Here are three quotations from the first five chapters.
"The are three aspects of nature that command our attention: its grandeur, its beauty, and its power. Accordingly, there are three ways in which we may relate ourselves to the world: we may accept it in awe, enjoy it, or exploit it. The Hebrews learned in order to revere. The Greeks learned in order to comprehend. The modern man learns in order to use."
"The awareness of grandeur and the sublime is all but gone from the modern mind… Significantly, the theme of Biblical poetry is not the charm or beauty of nature; it is the grandeur, it is the sublime aspect of nature which Biblical poetry is trying to celebrate…Biblical man in sensing the sublime is carried away by his eagerness to exalt and to praise the Maker of the world…Wonder or radical amazement is the chief characteristic of the religious man’s attitude toward history and nature. One attitude is alien to his spirit: taking things for granted, regarding events as a natural course of things… To the prophets wonder is a form of thinking. It is not the beginning of knowledge but an act that goes beyond knowledge…The insights of wonder must be constantly kept alive. Since there is a need for daily wonder, there is a need for daily worship."

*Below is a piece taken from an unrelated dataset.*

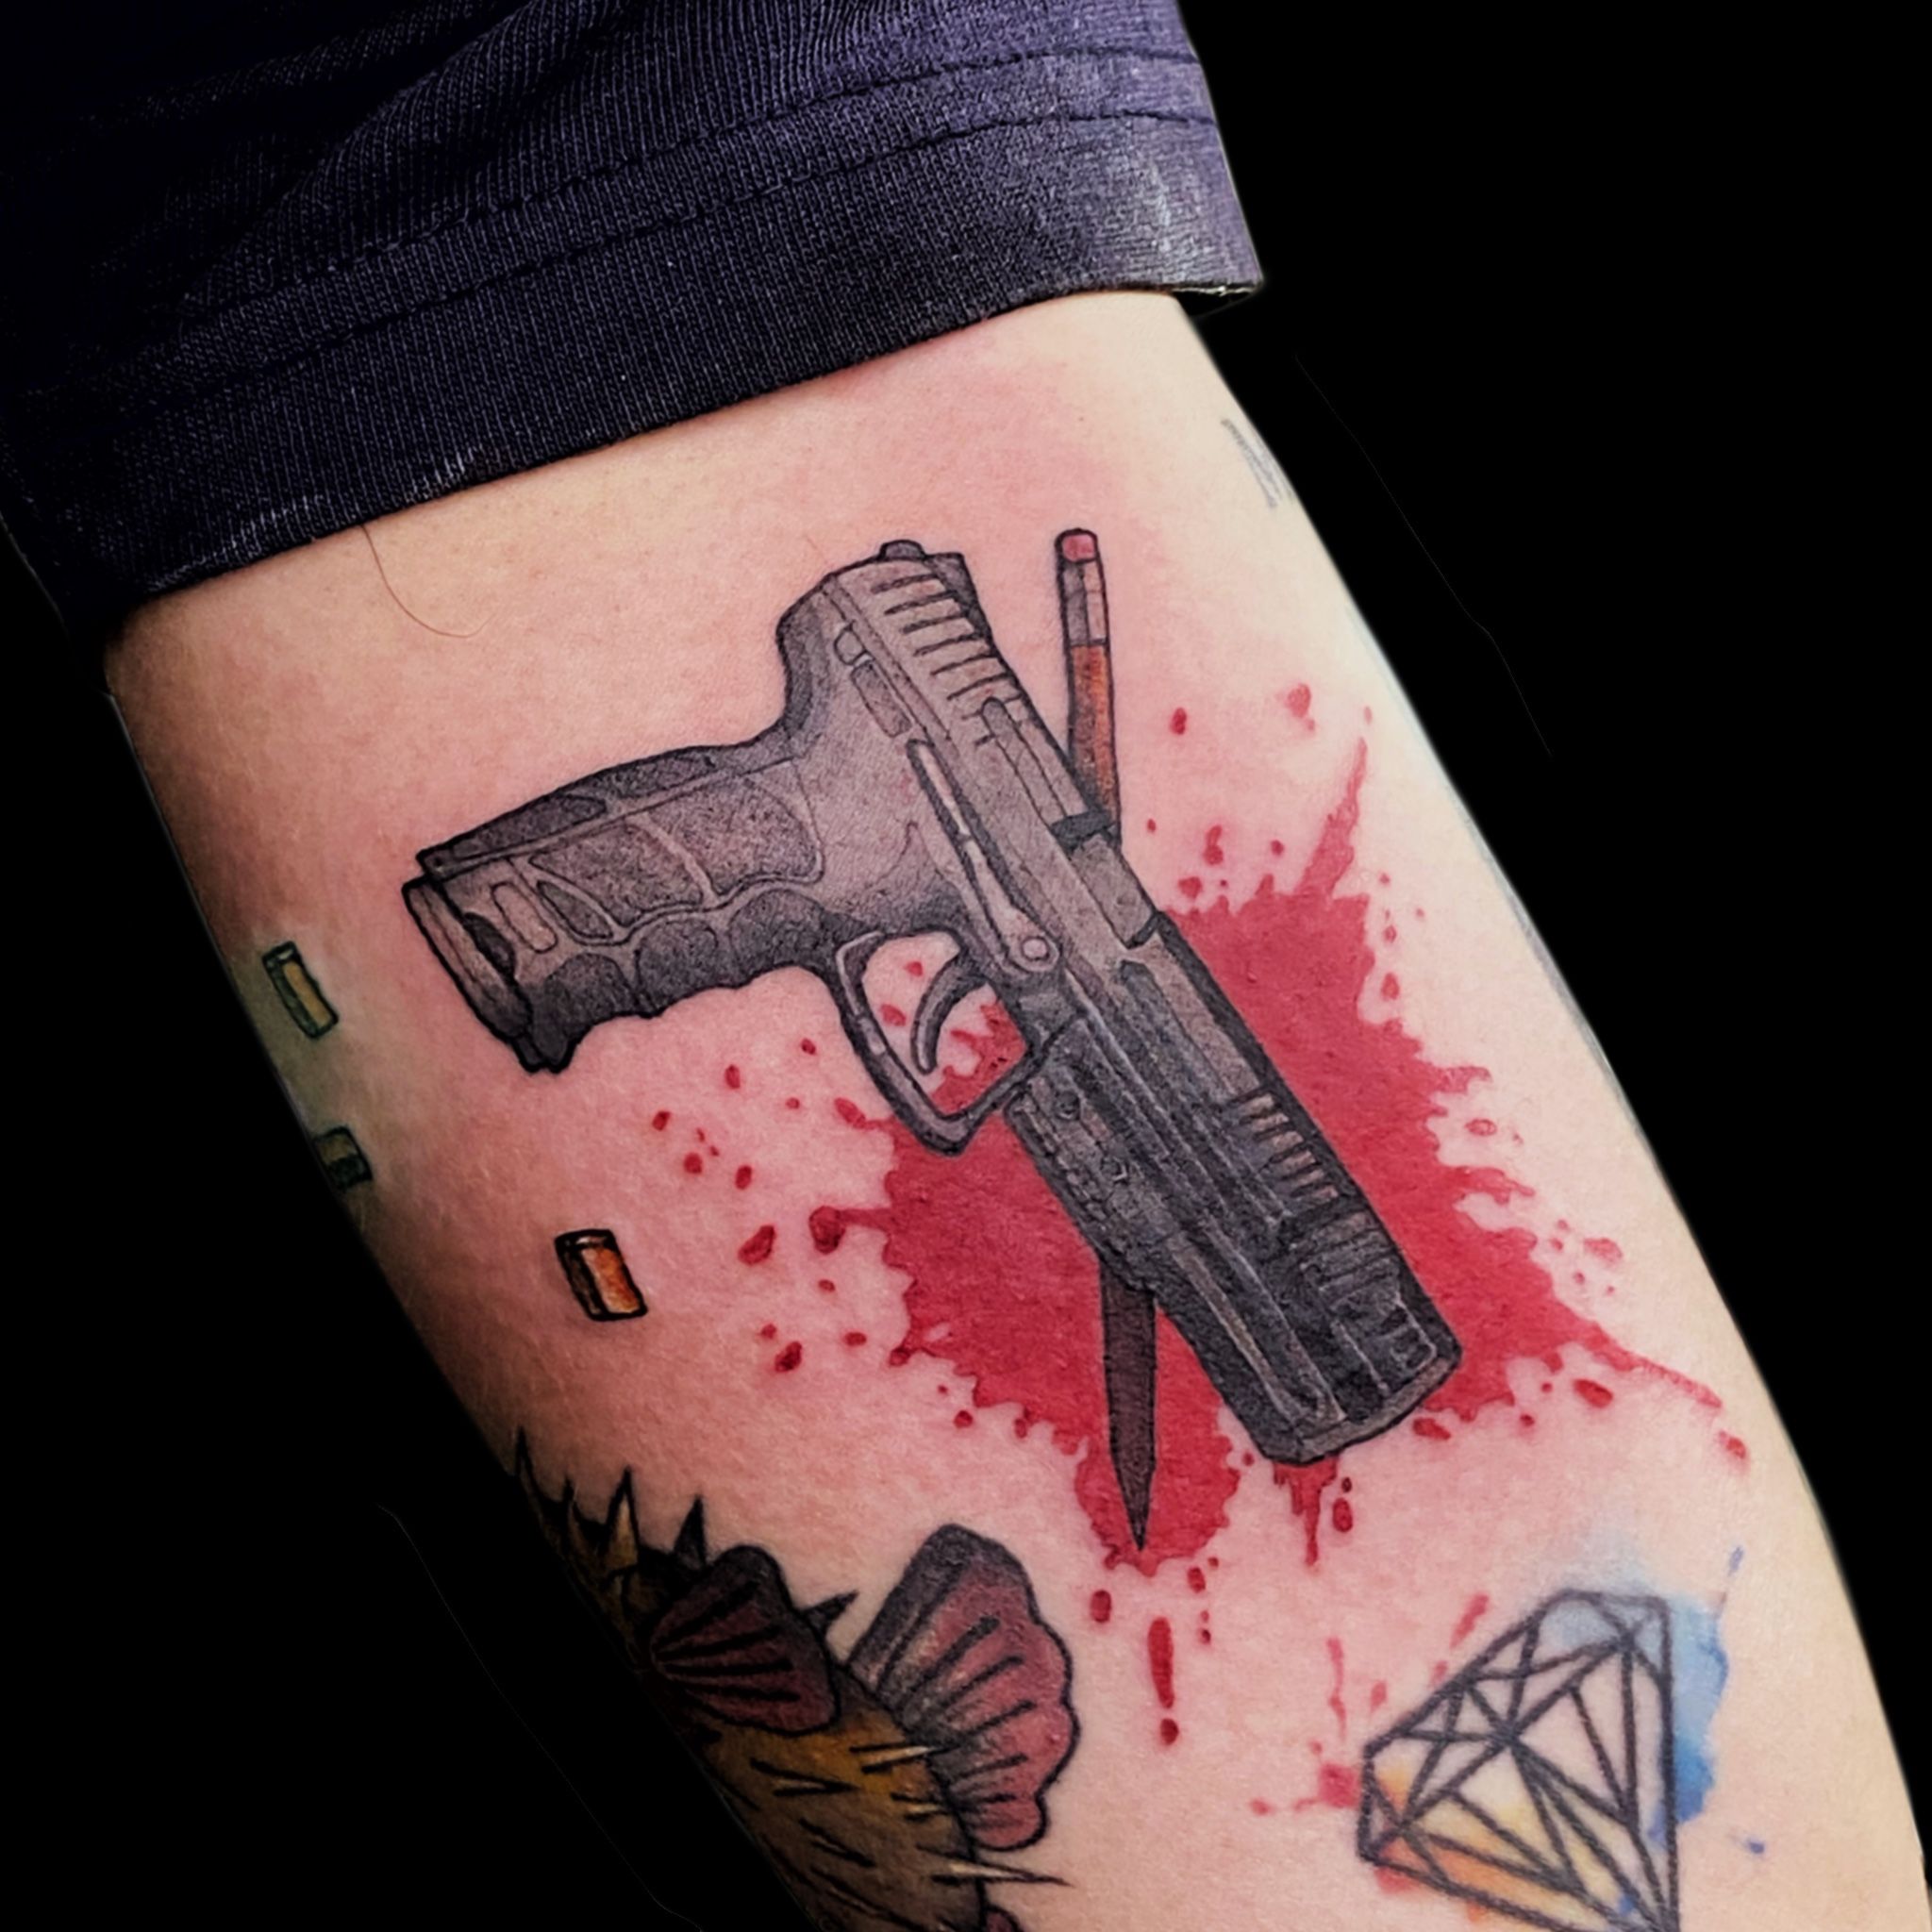 TATTOO ME on Tumblr: Guns 😝 shoot me now #johanespinoza #tattoome21.es  #tattoome #fuengirola #tattoomalaga #tattoofuengirola #tattoo #tattoos...

"Awe is more than an emotion; it is a way of understanding. Awe is itself an act of insight into a meaning greater than ourselves… The secret of every being is the divine care and concern that are invested in it… Knowledge is fostered by curiosity; wisdom is fostered by awe…[Through awe we can] look at all things from the point of view of God, sympathy with the divine pathos, the identification of the will with the will of God… the principal religious virtue is yirah [awe]… Awe precedes faith; it is at the root of faith… In Biblical language the religious man is not called a 'believer' but yare hashem [one in awe of Adonai, often translated as a 'God-fearer']."